Intermediate network nodes often execute a single “running context,” i.e., a process or thread, that is configured to perform the following ordered sequence of events: receive a LSP, perform a SPF calculation and RIB update based on the contents of the received LSP, then flood the received LSP. Because the SPF calculation and RIB update consume considerable amounts of processing time and resources in the intermediate network node, packet flooding is often delayed an unreasonable amount of time until these routing computations are completed.
As a result of these conventional flooding delays, routing information is not disseminated efficiently among the intermediate network nodes. For instance, due to delays in receiving updated network topology information, some of the intermediate nodes may continue to forward packets based on out-dated routing information. This, in turn, can lead to undesirable network effects such as “micro-loops,” which are discussed in more detail in U.S. patent application Ser No. 10/868,721 to Vasseur et al., entitled Avoiding Micro-Loops Upon Failure of Fast Reroute Protected Links, which is hereby incorporated by reference as though fully set forth herein.

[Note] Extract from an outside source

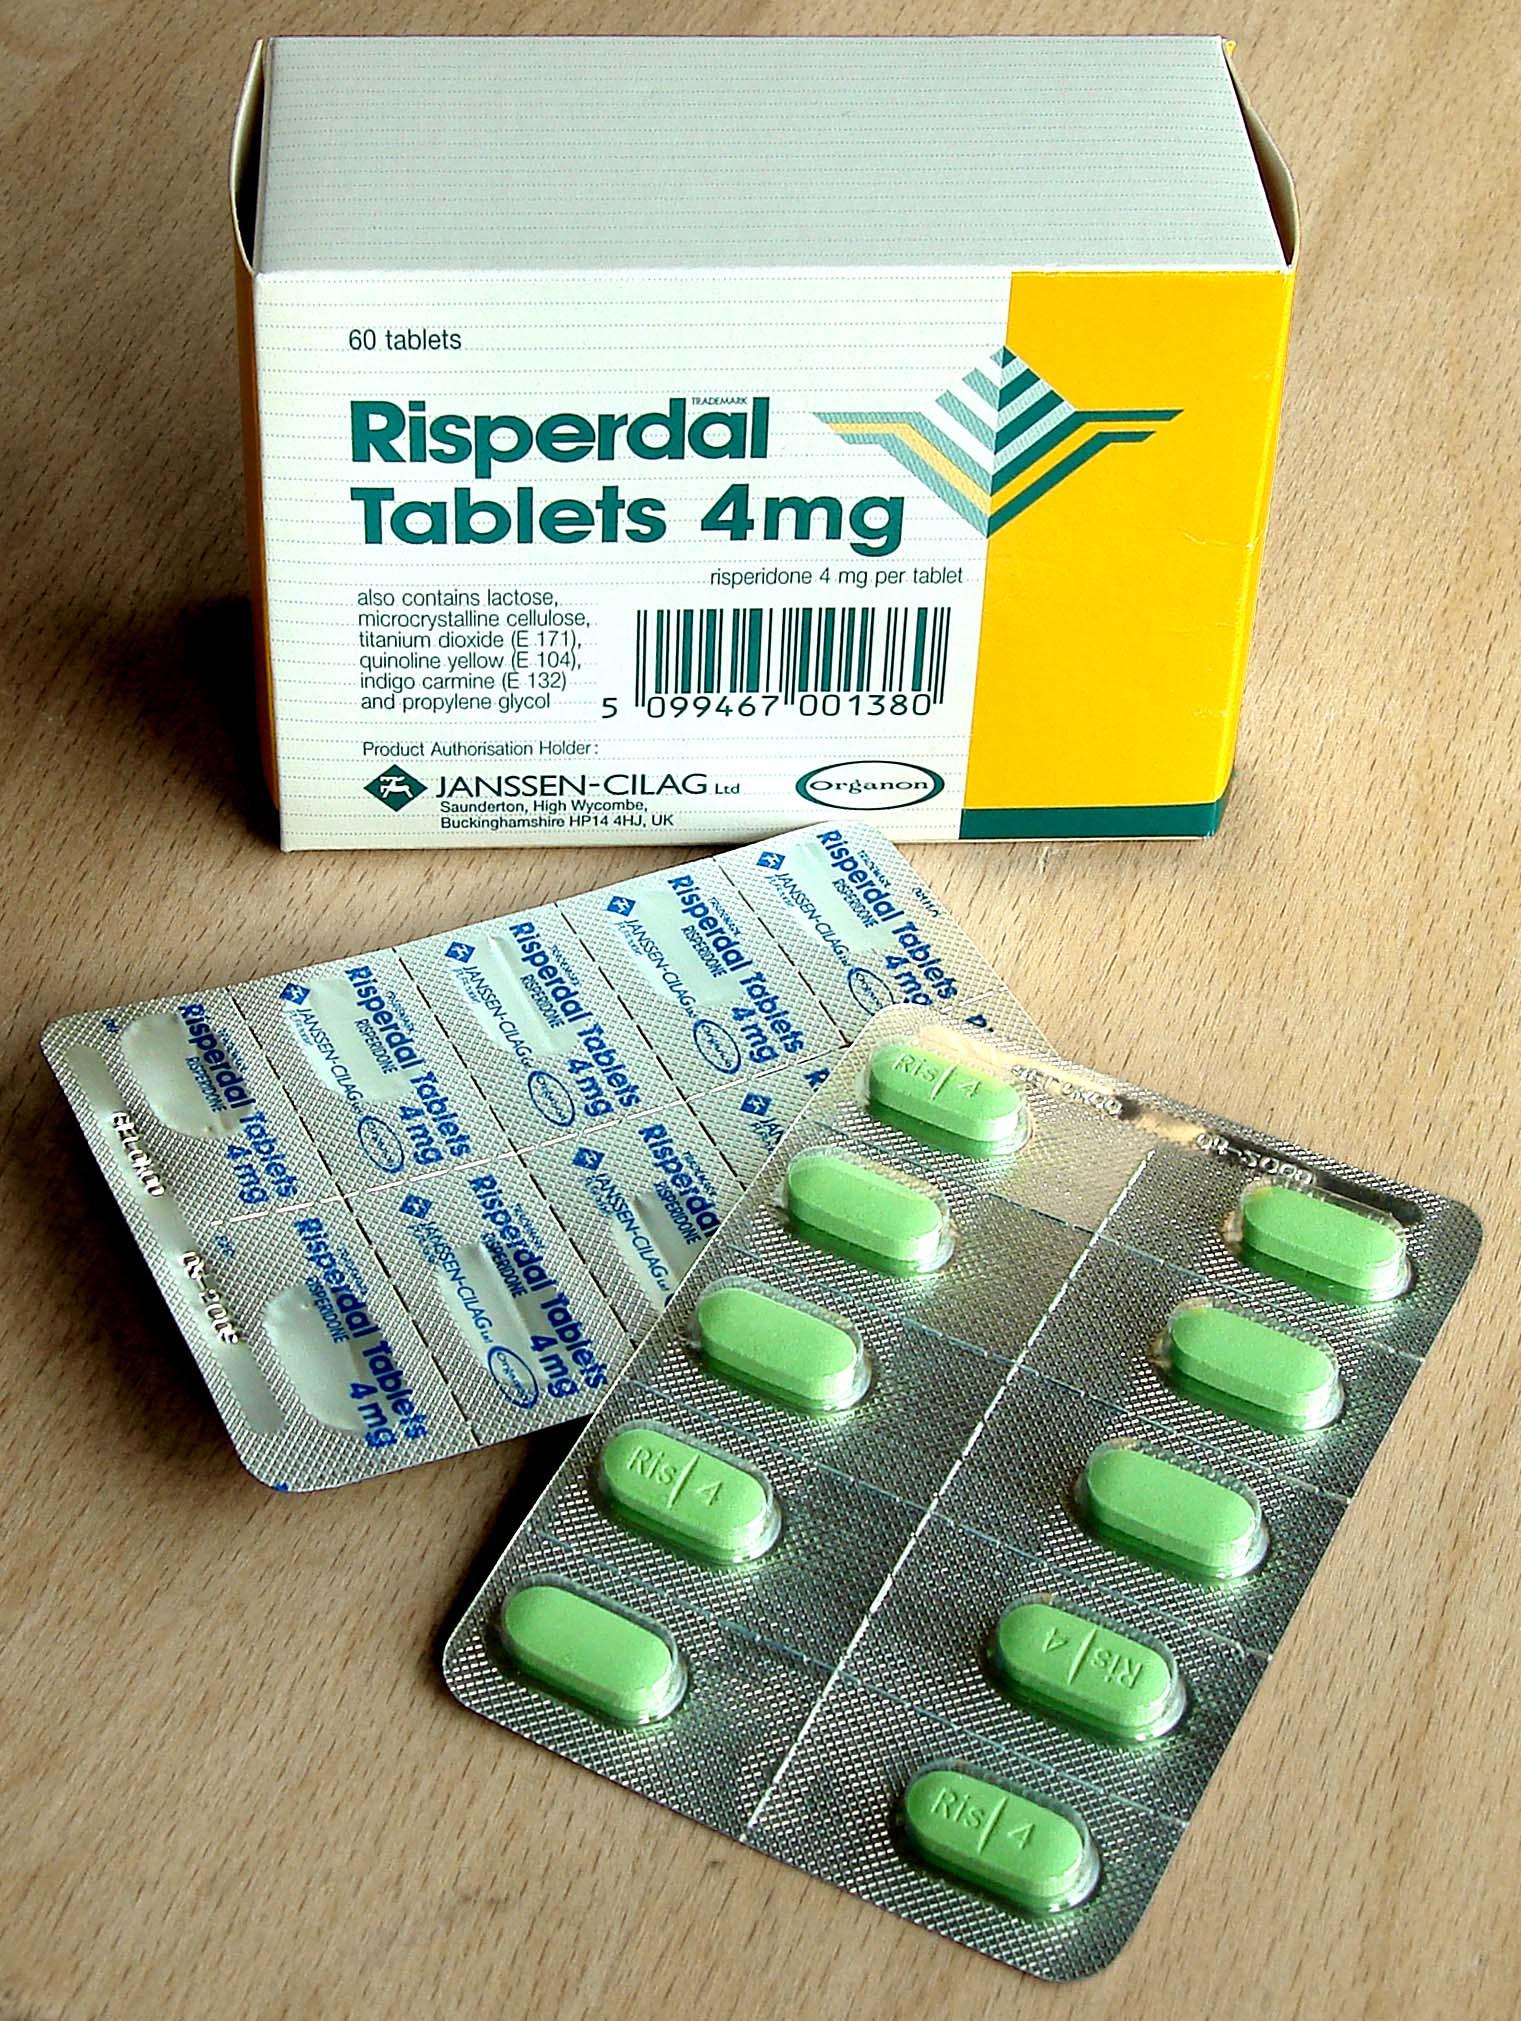 Risperdal_tablets.jpg

In addition, the conventional flooding delays also may create a backlog of LSPs waiting to be flooded in the intermediate network node. That is, while the computationally-intensive SPF and RIB computations are being performed, LSPs received at the intermediate node may continue to deplete the node's available buffer memory and/or receive and transmission queues until one or more of these memory resources becomes full. Consequently, newly-received data packets, such as LSPs, may become lost or “dropped” at the intermediate node due to the lack of available memory resources.
One prior solution for reducing conventional flooding delays utilizes separate processes or threads that respectively perform flooding operations and routing-table computations, i.e., SPF and RIB computations. However, this is not always practically feasible and requires major re-writing of applications. The idea outlined in this document is an optimization of flooding and SPF/RIB update computation processing performed within a single running context.